3. The humble constantly and truly, and with conviction reproaches himself , whether in himself or in front of people.
Once the Pope Theophilus visited the mountain of Nitria which was inhabited by a number of solitary hermits. He asked the father of the mountain about the virtues which they had brought to perfection. The latter then replied: "Believe me, my father, there is nothing better than that a man should return the reproach to himself in everything". Verily reproaching oneself is the virtue of the humble.

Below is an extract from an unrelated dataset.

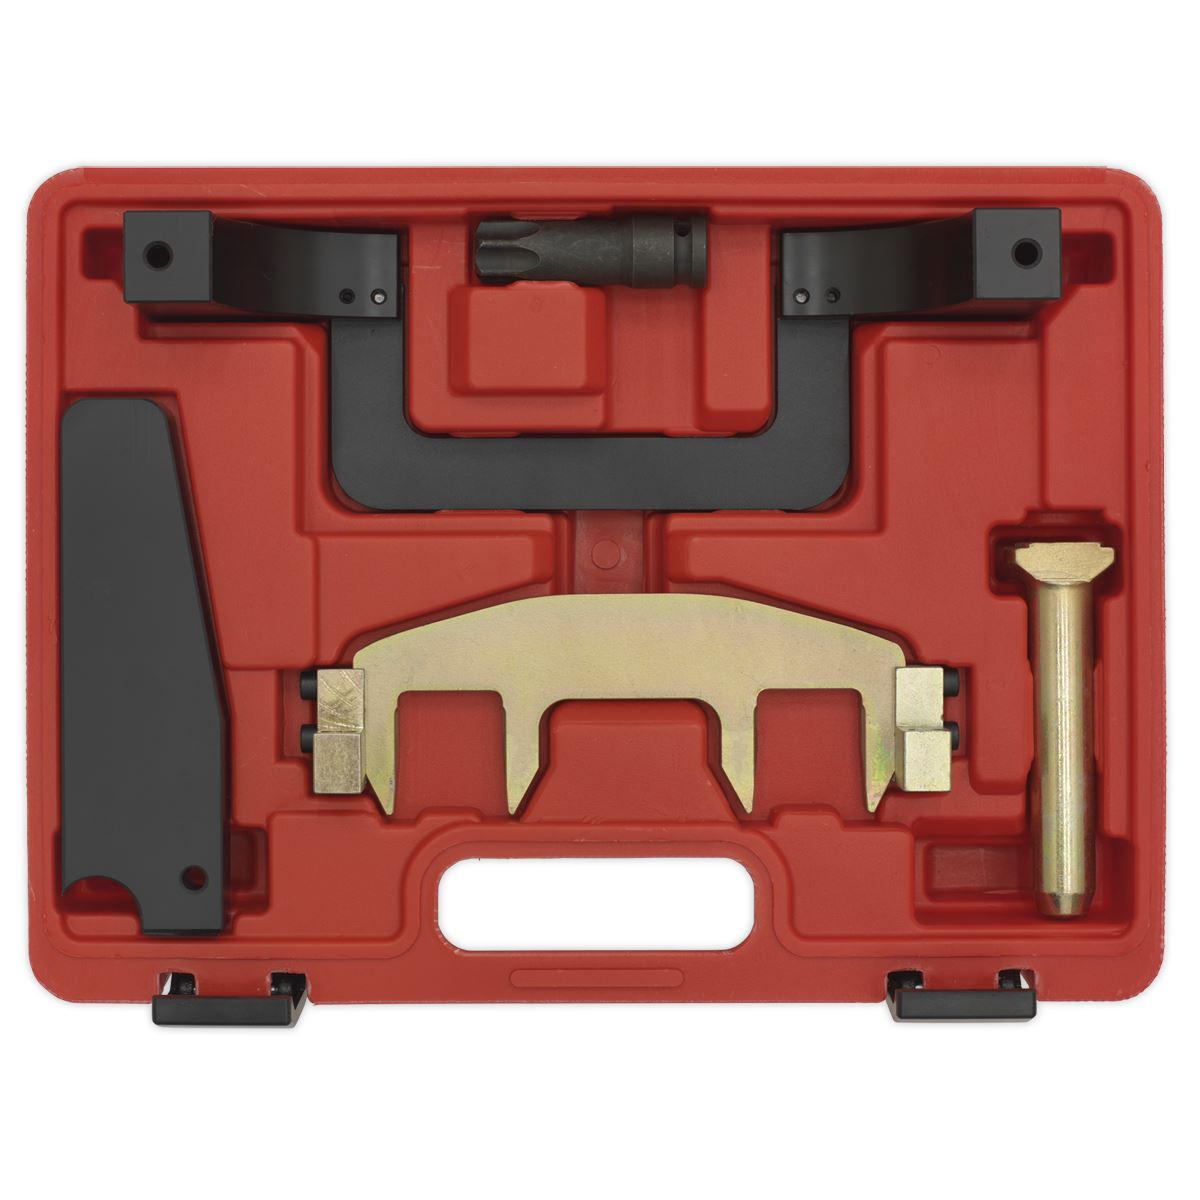 Sealey Petrol Engine Timing Tool Kit - for Mercedes 1.6/1.8 M271 - Chain Drive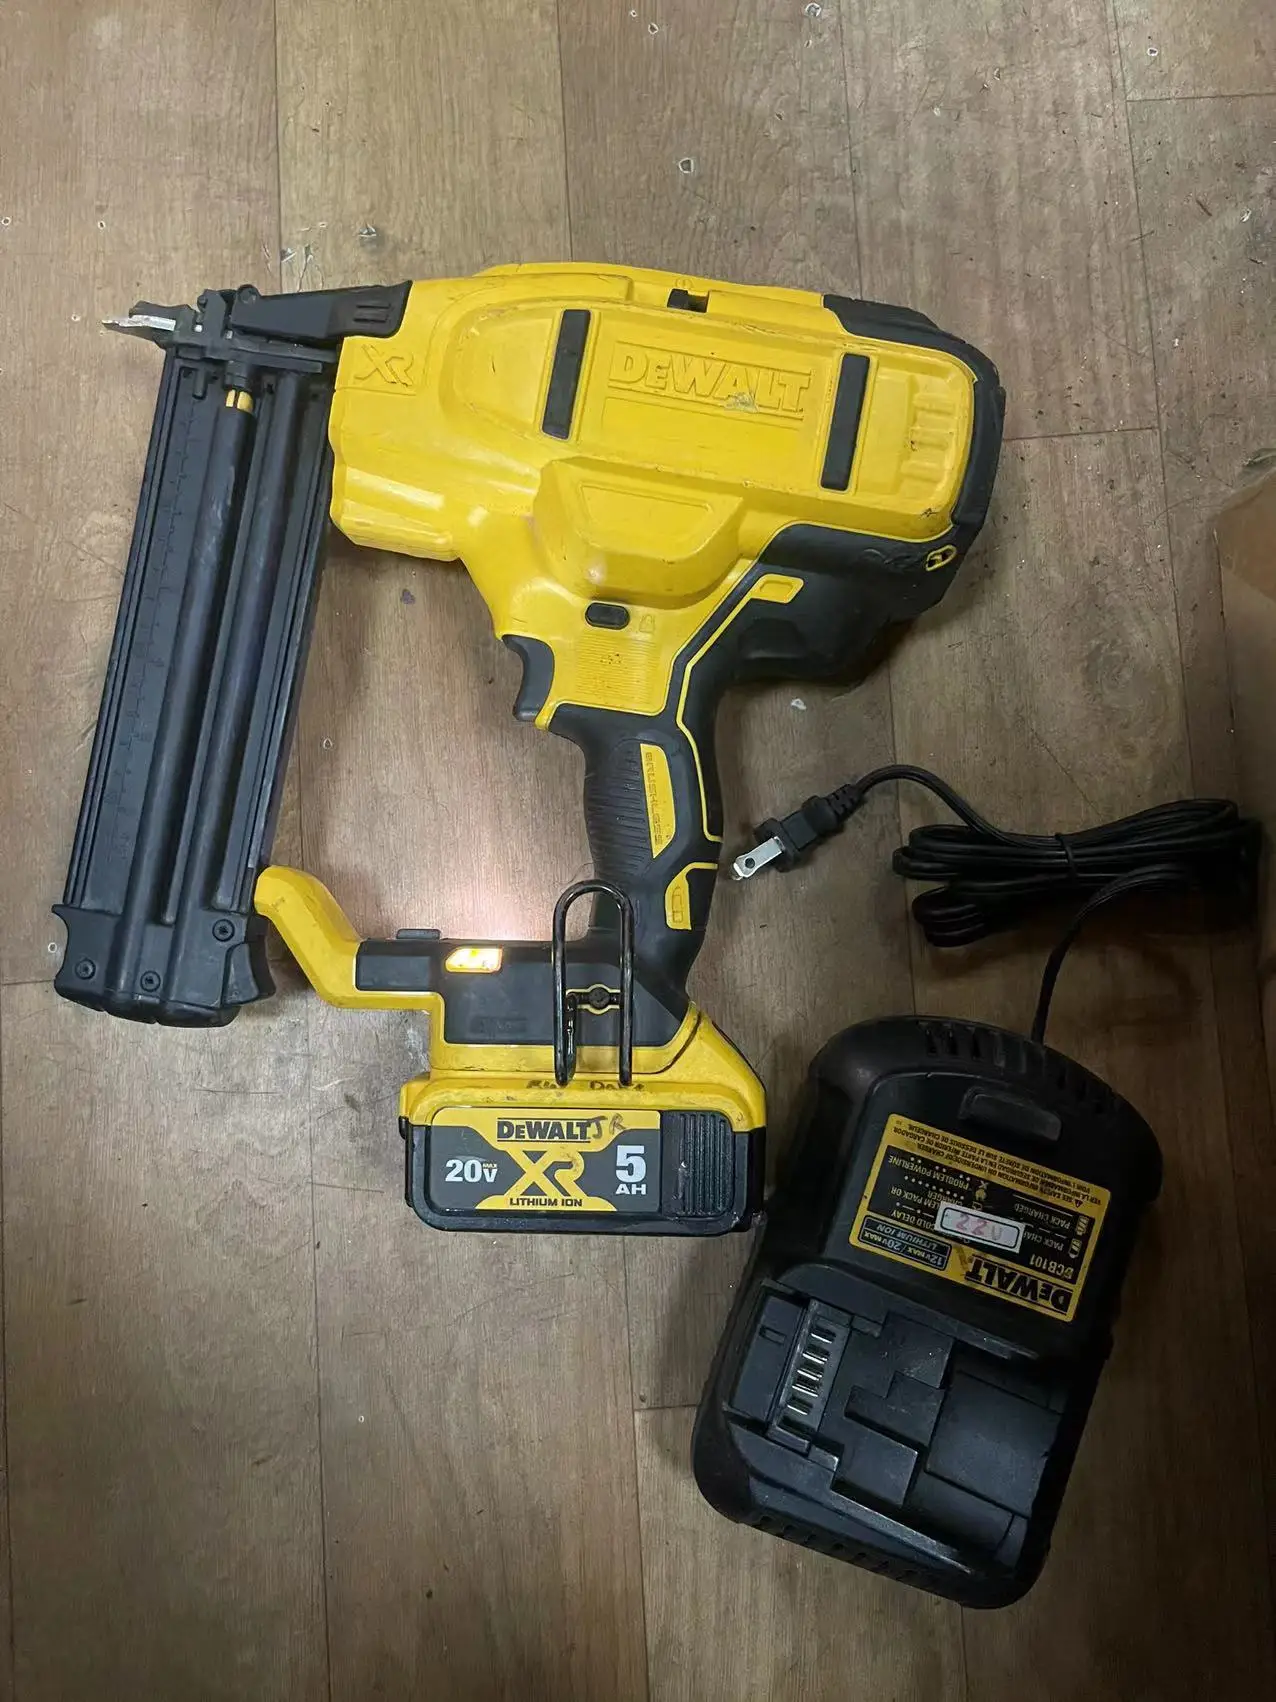 

DEWALT DCN680 20-Volt MAX XR Lith-Ion Cordless 18-Gauge Brad Nailer,WITH 5AMP BATTERY AND CHARGER

4. Reprimanding oneself leads to contrition:
It leads to a contrite heart in the interior, a contrite spirit because of his profound awareness of his wrongdoings which are hidden to people, but are not hidden to himself. This internal contrition keeps him afar from all the manifestations of outside greatness, and at the same time it brings him near to God, as the psalm says: "The Lord is near to those who have a broken heart, and saves such as have a contrite spirit" (Ps. 34:18); and also: "The sacrifices of God are a broken spirit, a broken and a contrite heart, these, O God, You will not despise" (Ps. 51:17).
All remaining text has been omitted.